- [Task details]: The reader should set down exactly the lines from the one containing "Cartier Maillon Panthere" through the last line of the material, omitting every picture.

- [Available data]:
========
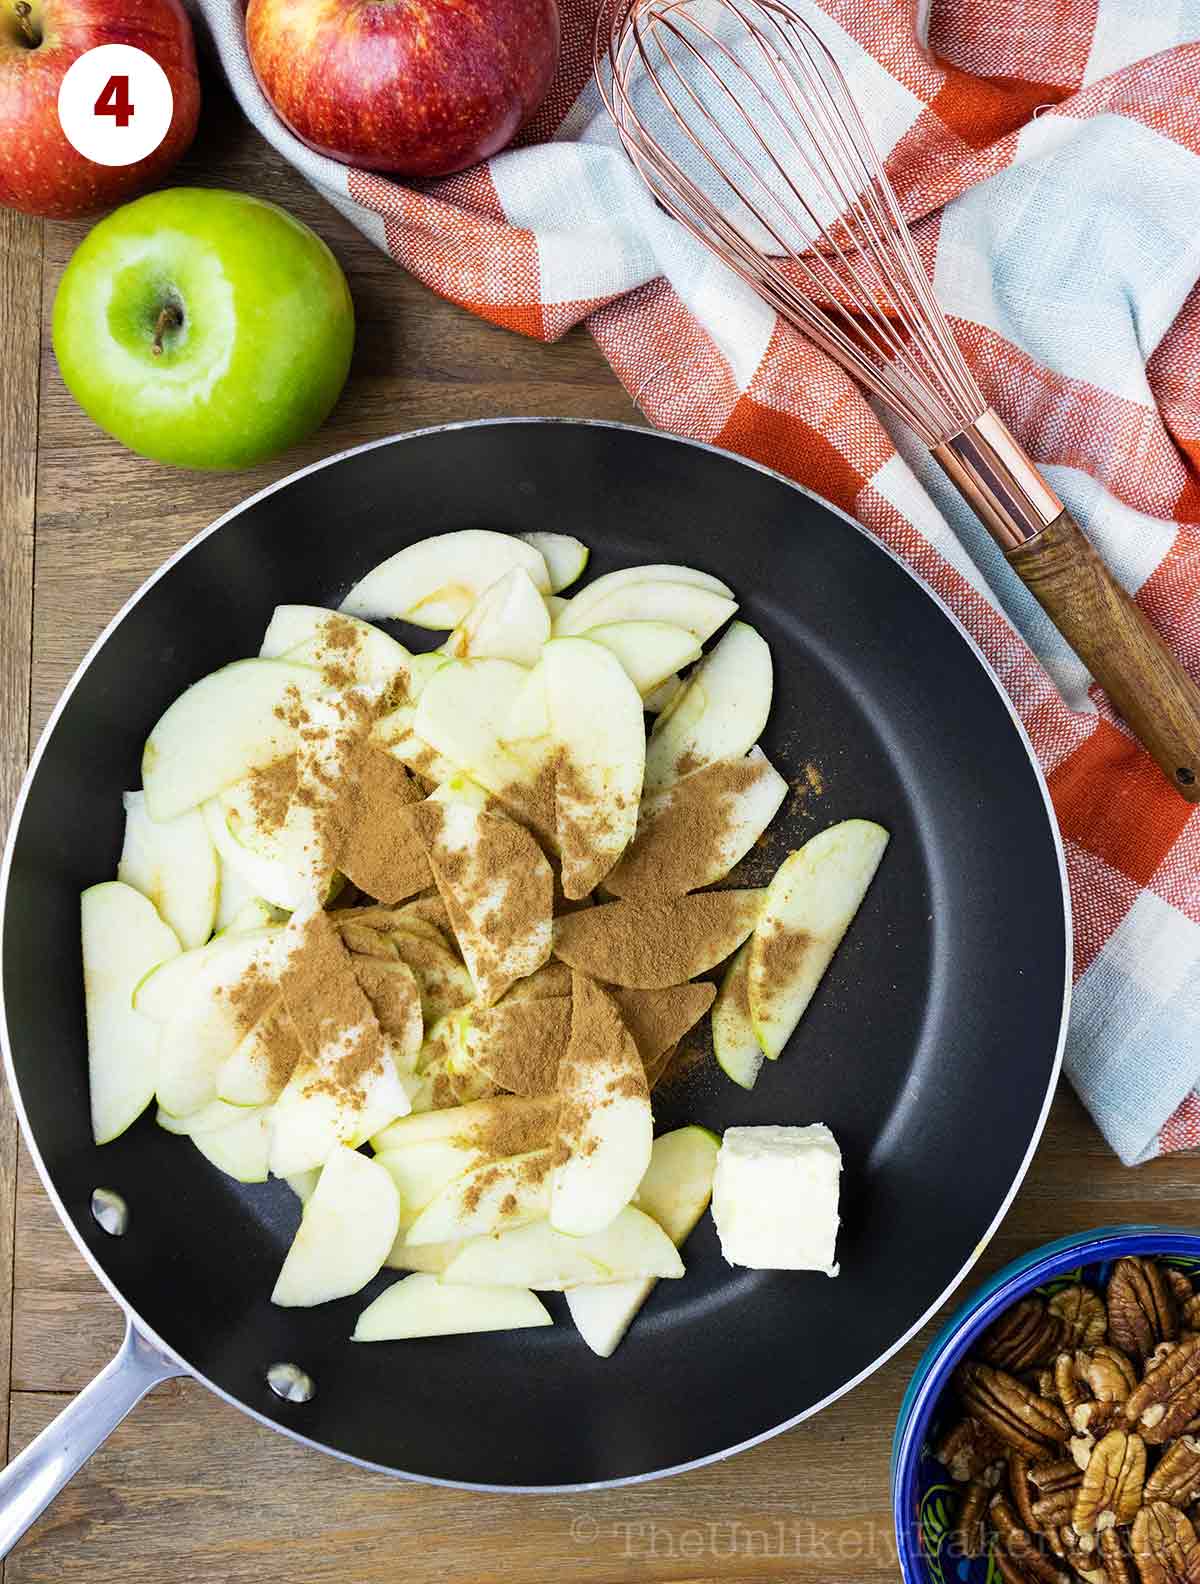 Sliced apples and cinnamon in a pan.
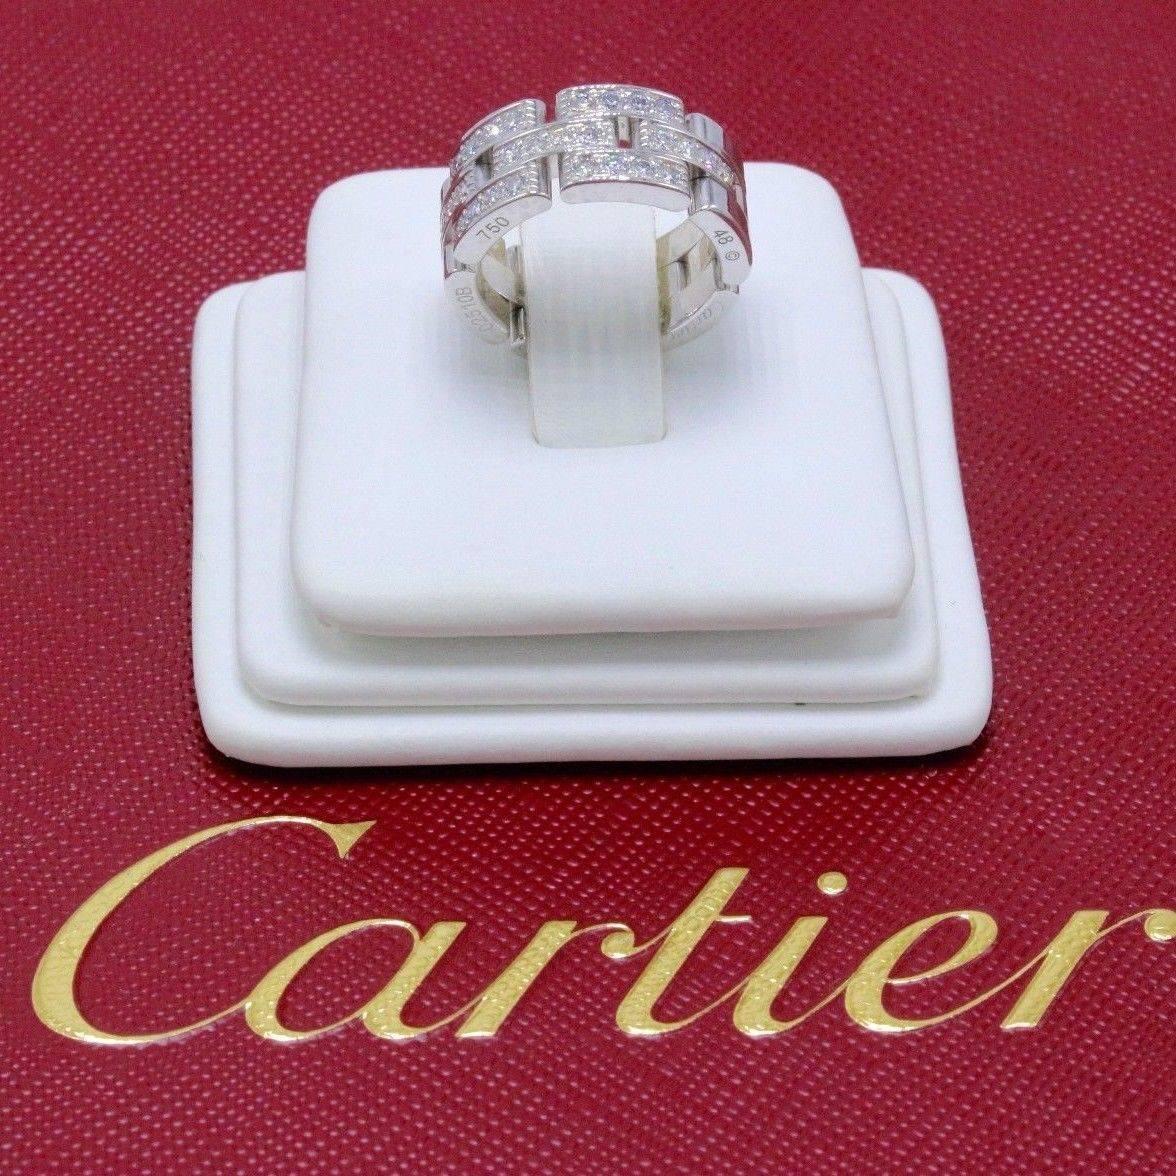 Cartier Maillon Panthere Diamond Wedding Band Ring 18k White Gold Links ...
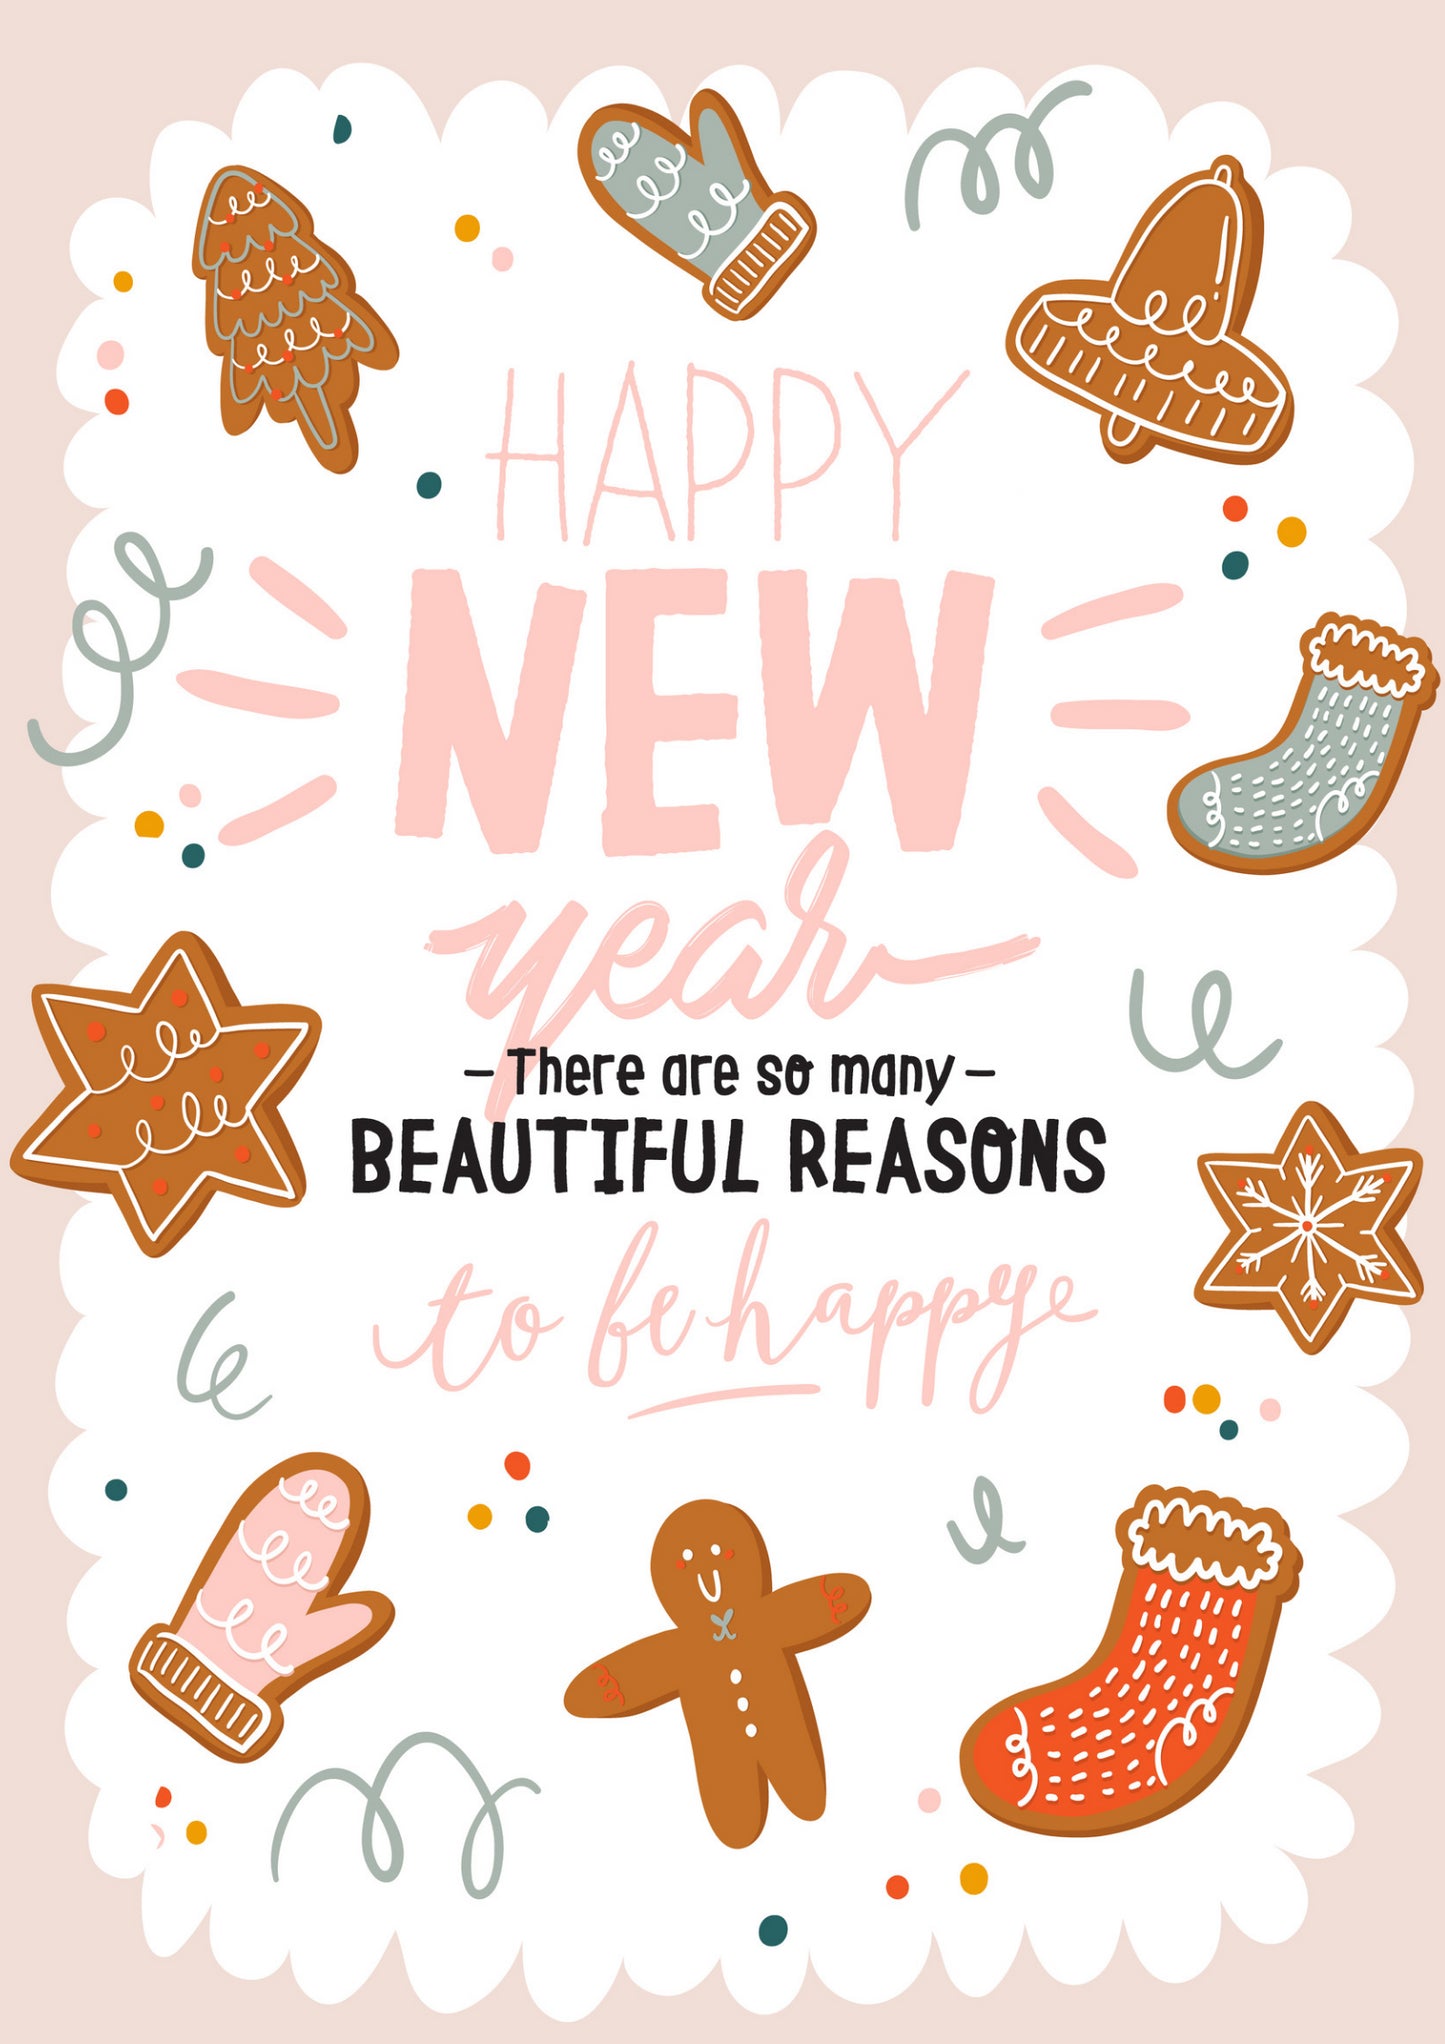 Happy New Year| Poster Fripperies
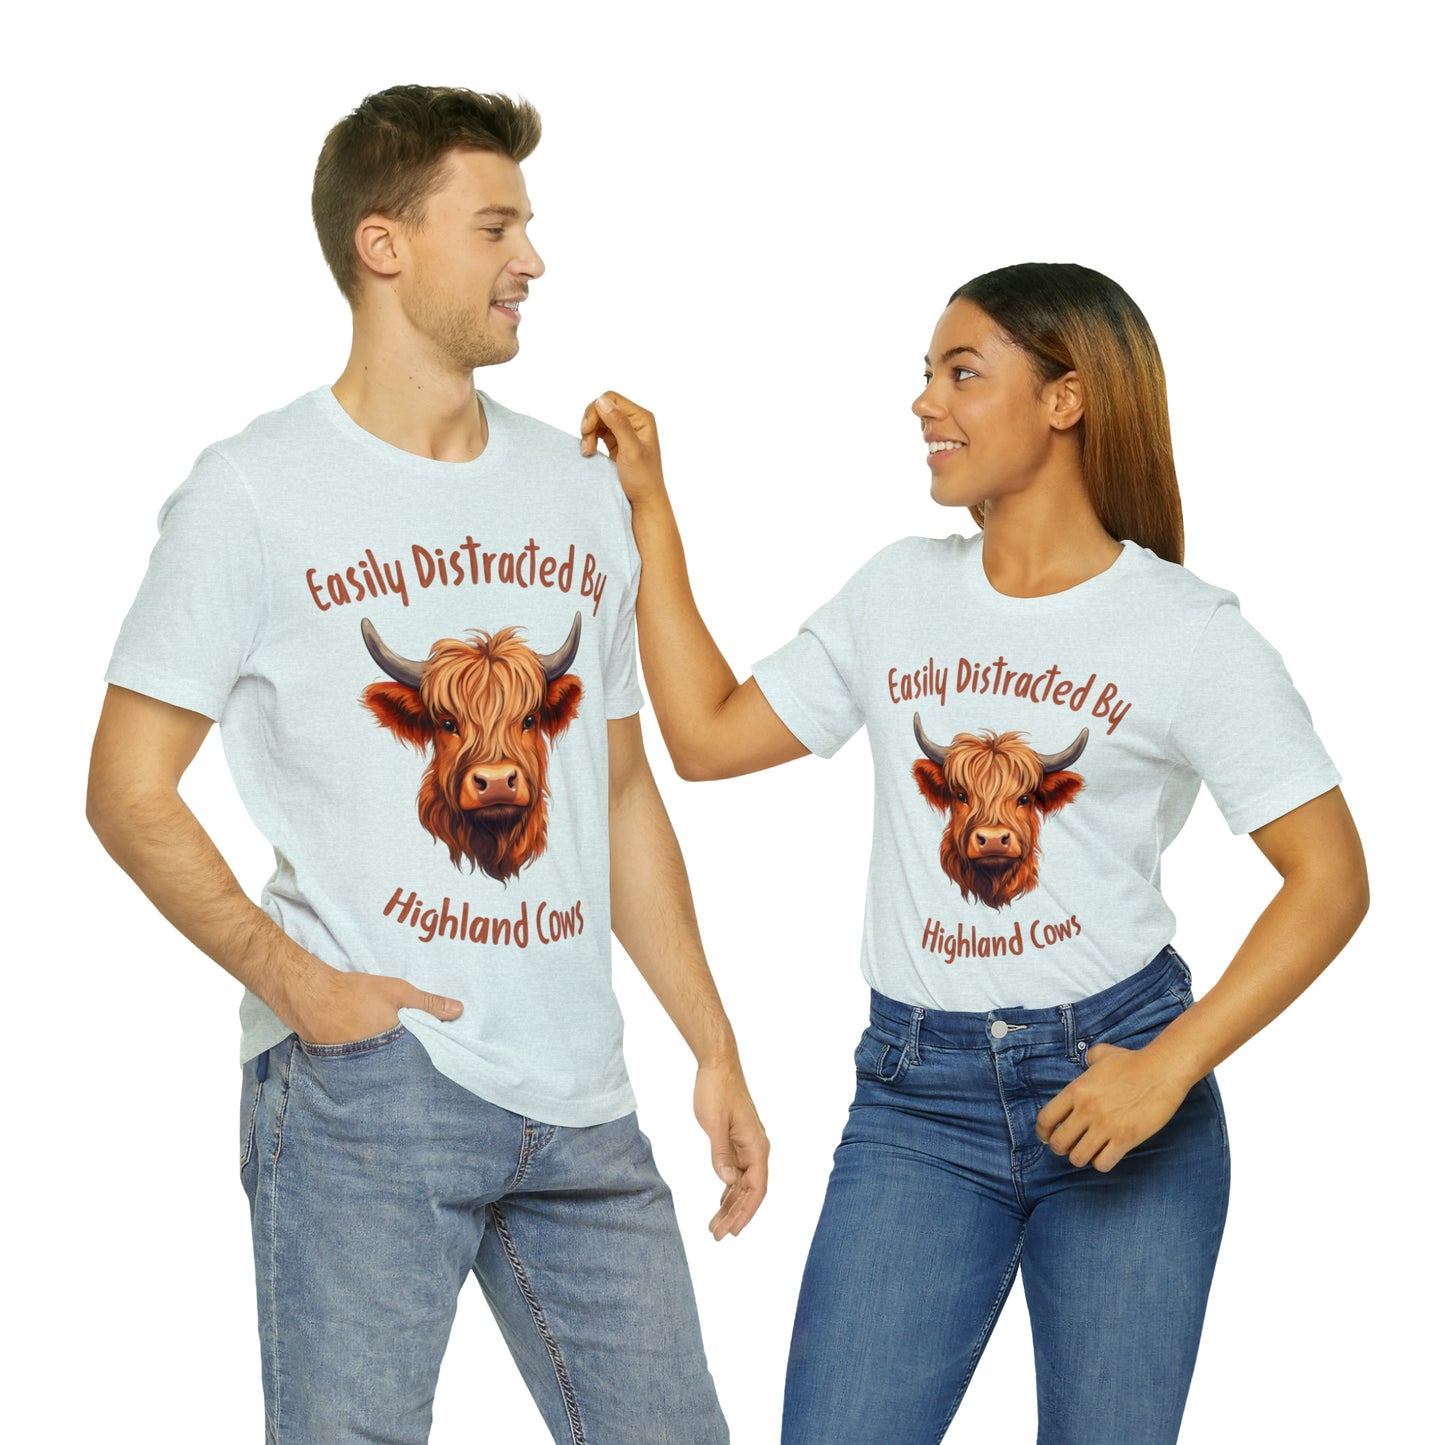 Easily Distracted By Highland Cows Tee
========
- [Written solution]:
 Cartier Maillon Panthere Diamond Wedding Band Ring 18k White Gold Links ...
 Happy New Year| Poster Fripperies
 Easily Distracted By Highland Cows Tee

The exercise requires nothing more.